# Cronel - Marlboro... Any Details Welcome.



## Guz (Apr 7, 2008)

Hi,

Have this watch that I know nothing about :blink: :blink: It says Swiss Made, Cronel 17 Jewels, I apologise in advance if it's a complete embarrassment to the swiss made brigade. I also own an SMP so not meaning to offend.

I have tried to goggle this without any success. I'm also curious about the Marlboro connection...

Any information would be greatfully received, especially if its worth something :bb: :bb: :bb:

Thanks in advance  

Forgot to mention is runs perfectly fine.


----------



## Guest (Apr 25, 2008)

Its probably a "freebie" publicity item, supplied to tobbaconists etc.

It looks a cut above the usual plastic freebie items though.


----------



## Guz (Apr 7, 2008)

catflem said:


> Its probably a "freebie" publicity item, supplied to tobbaconists etc.
> 
> It looks a cut above the usual plastic freebie items though.


Thanks catflem ..... I was hoping it was worth a clean fortune :blink: :blink:

Ok then, I'll swap it for an SMP or a Daytona, if you push me had enough I'll trade for a Patek :bb: :bb:  

Any other information will be greatfully received.


----------



## Guest (Apr 25, 2008)

catflem said:


> Its probably a "freebie" publicity item, supplied to tobbaconists etc.
> 
> It looks a cut above the usual plastic freebie items though.


Certainly looks like a publicity watch ,nice colour. Might be worth more in the future when smoking is banned completetly :lol:


----------



## Guz (Apr 7, 2008)

Cheers guys 

Does anyone know of the Cronel Brand :blink: :blink: :blink:


----------



## ujjwaldey (Mar 3, 2008)

I have a Cronel as well. Works fine. stying seems 60/70. No corporate marking.

Found very little history of the watch, except that they were involved in some sort of litigation , which resulted in a landmark judgement. If I can locate the judgement, we can find some history of the company

Ujjwal


----------



## ujjwaldey (Mar 3, 2008)

The other information I could glean in a watch forum is that some one's grandfather had a Cronel - 25j ( a US guy). So that would mean its likely a US brand in early last century ( 20s / 30s ?) And since he hasid hif GF wore it regularly and gave it to him and he still has it ( for memory's sake, I suppose); it must have been a regular brand

I would suspect its one of those watches which got made in Switzerland and then sold in US. Just as Bulova and Wittnaeur managed their ops.

I have noticed quite a few of them with Marlboro branding being sold in various places. And they were all steel casing/ well built. It might be that Marlboro gave these out to dealers and or for special promotions.
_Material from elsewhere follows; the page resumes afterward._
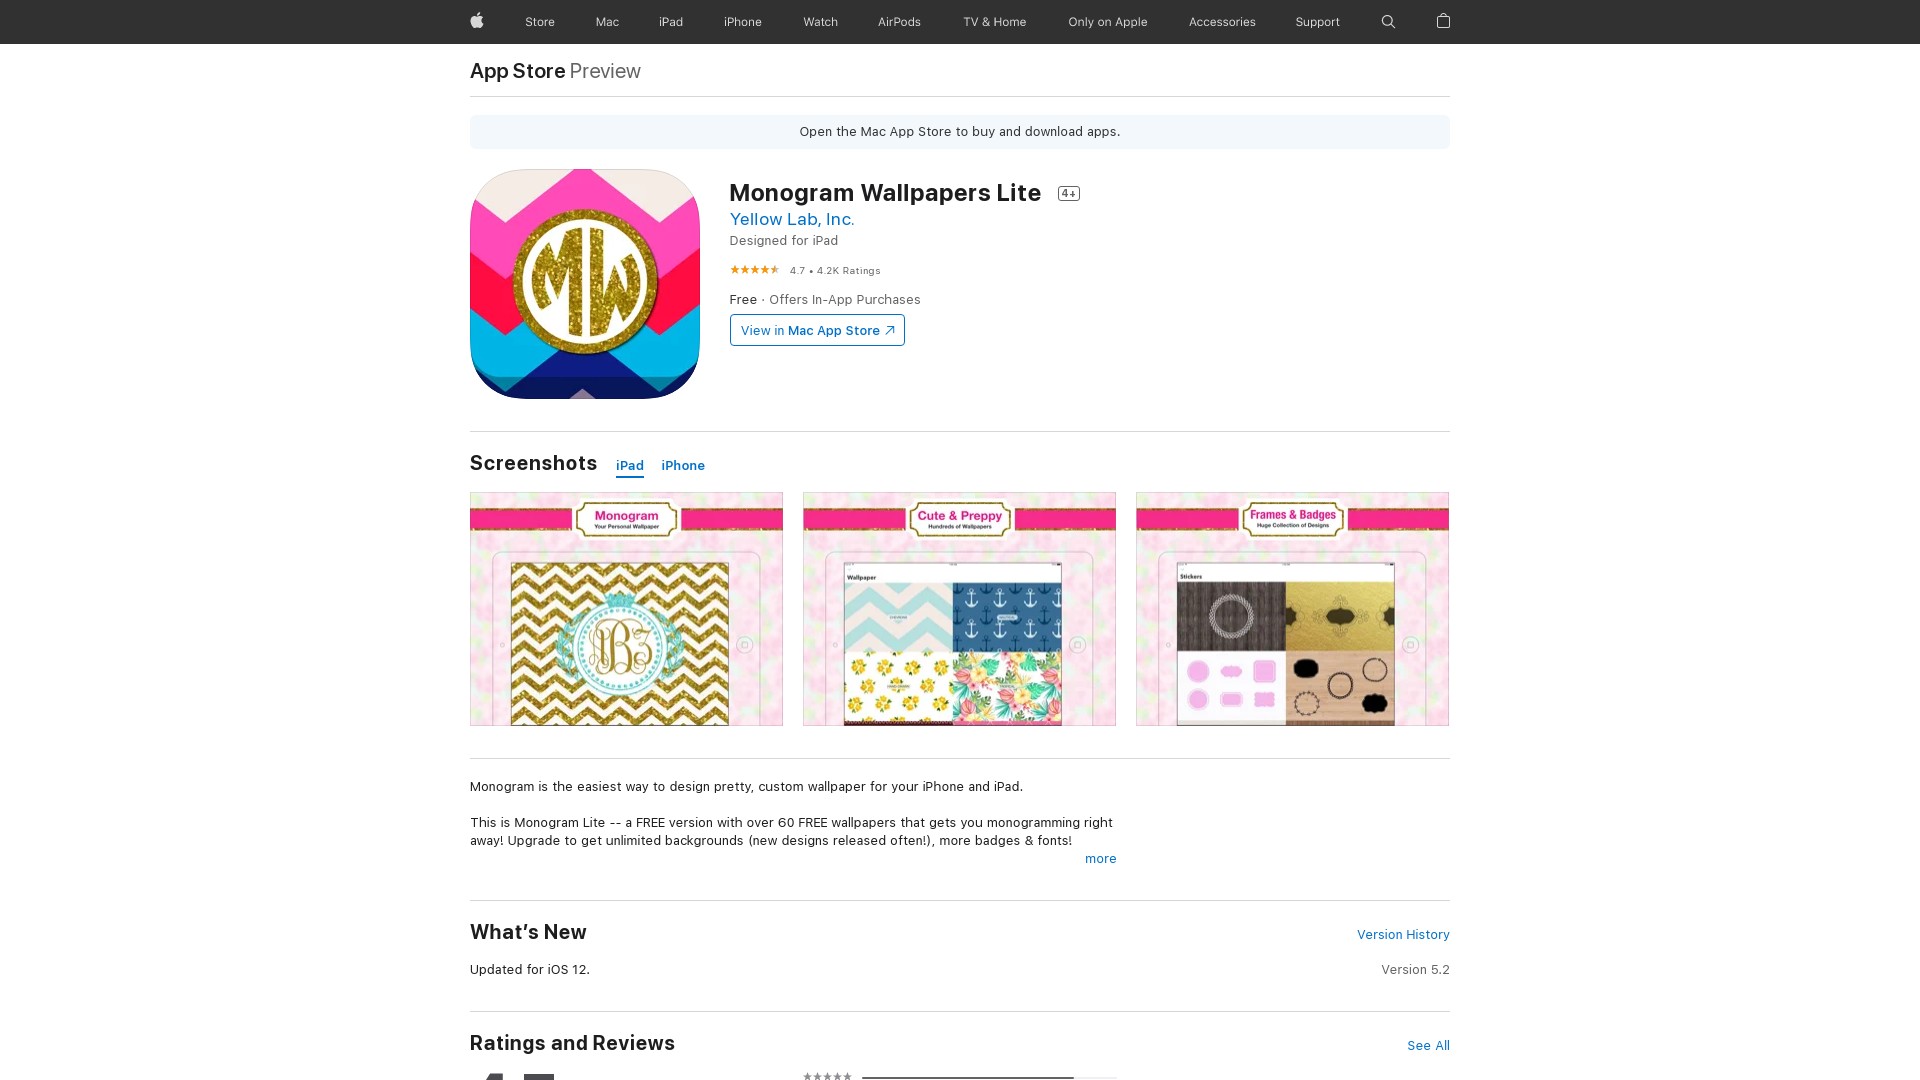 Monogram is the easiest way to design pretty, custom wallpaper for your iPhone and iPad. This is Monogram Lite.

Since Marlboro would have chosen a brand that ought to have a macho connection, I wonder if there is some texan connection to the watch

Much of the above is speculation...but then so is much of history as we know it


----------



## Guest (Apr 26, 2008)

There are some odds & sods of info available if you do a google search, including a different version of a cornel marlboro watch for sale in NZ. The seller mentions that it was given to a marlboro employee in the UK 25 years ago.


----------



## johnbaz (Jan 30, 2005)

here's my marlboro watch, a modern day cheapie quartz, cost me Â£3 from the carboot sale a few years ago...

red racing



















i have a cronel watch somewhere, it's a cheapie mechanical manual wind which has a 17 jewel EB movement inside 

john


----------